(Items from a data source)
■ ■ ■
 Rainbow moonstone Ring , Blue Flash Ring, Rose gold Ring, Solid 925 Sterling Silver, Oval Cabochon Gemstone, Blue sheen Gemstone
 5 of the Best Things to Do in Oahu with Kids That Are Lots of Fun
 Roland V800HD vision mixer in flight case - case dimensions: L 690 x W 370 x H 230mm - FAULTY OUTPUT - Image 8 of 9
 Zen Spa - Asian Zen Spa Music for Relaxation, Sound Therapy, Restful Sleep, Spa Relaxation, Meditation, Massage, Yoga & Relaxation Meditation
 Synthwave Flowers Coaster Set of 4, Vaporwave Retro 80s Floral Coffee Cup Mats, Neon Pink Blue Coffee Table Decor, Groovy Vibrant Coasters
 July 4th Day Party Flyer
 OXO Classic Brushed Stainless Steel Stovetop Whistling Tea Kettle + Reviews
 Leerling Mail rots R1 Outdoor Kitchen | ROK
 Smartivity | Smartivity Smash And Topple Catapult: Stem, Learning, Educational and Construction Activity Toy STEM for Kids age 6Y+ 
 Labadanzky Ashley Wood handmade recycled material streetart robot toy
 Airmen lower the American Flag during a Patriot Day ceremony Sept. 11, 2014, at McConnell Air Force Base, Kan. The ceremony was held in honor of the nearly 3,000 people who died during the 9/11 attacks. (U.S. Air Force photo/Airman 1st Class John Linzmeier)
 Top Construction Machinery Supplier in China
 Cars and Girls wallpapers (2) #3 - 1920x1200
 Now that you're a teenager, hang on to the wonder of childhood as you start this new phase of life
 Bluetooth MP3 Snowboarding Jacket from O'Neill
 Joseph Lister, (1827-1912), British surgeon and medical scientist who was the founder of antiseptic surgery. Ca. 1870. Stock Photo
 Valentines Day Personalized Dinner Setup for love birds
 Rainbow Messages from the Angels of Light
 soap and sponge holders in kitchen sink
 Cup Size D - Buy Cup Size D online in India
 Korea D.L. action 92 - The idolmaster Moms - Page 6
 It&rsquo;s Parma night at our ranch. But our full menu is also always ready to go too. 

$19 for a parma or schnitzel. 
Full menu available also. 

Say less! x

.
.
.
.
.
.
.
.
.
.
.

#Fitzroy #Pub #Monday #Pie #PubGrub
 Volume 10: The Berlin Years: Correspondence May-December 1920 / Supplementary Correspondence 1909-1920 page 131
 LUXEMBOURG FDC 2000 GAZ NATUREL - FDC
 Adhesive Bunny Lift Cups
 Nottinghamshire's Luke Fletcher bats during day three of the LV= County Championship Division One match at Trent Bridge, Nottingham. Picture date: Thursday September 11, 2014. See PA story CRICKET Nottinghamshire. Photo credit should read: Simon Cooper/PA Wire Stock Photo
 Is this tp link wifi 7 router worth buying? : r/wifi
■ ■ ■
▶ **Task objective**
Lines after the one containing "Valentines Day Personalized" are left out; every line from the start of the entries through that line is restated word for word.

▶ **Output below**
 Rainbow moonstone Ring , Blue Flash Ring, Rose gold Ring, Solid 925 Sterling Silver, Oval Cabochon Gemstone, Blue sheen Gemstone
 5 of the Best Things to Do in Oahu with Kids That Are Lots of Fun
 Roland V800HD vision mixer in flight case - case dimensions: L 690 x W 370 x H 230mm - FAULTY OUTPUT - Image 8 of 9
 Zen Spa - Asian Zen Spa Music for Relaxation, Sound Therapy, Restful Sleep, Spa Relaxation, Meditation, Massage, Yoga & Relaxation Meditation
 Synthwave Flowers Coaster Set of 4, Vaporwave Retro 80s Floral Coffee Cup Mats, Neon Pink Blue Coffee Table Decor, Groovy Vibrant Coasters
 July 4th Day Party Flyer
 OXO Classic Brushed Stainless Steel Stovetop Whistling Tea Kettle + Reviews
 Leerling Mail rots R1 Outdoor Kitchen | ROK
 Smartivity | Smartivity Smash And Topple Catapult: Stem, Learning, Educational and Construction Activity Toy STEM for Kids age 6Y+ 
 Labadanzky Ashley Wood handmade recycled material streetart robot toy
 Airmen lower the American Flag during a Patriot Day ceremony Sept. 11, 2014, at McConnell Air Force Base, Kan. The ceremony was held in honor of the nearly 3,000 people who died during the 9/11 attacks. (U.S. Air Force photo/Airman 1st Class John Linzmeier)
 Top Construction Machinery Supplier in China
 Cars and Girls wallpapers (2) #3 - 1920x1200
 Now that you're a teenager, hang on to the wonder of childhood as you start this new phase of life
 Bluetooth MP3 Snowboarding Jacket from O'Neill
 Joseph Lister, (1827-1912), British surgeon and medical scientist who was the founder of antiseptic surgery. Ca. 1870. Stock Photo
 Valentines Day Personalized Dinner Setup for love birds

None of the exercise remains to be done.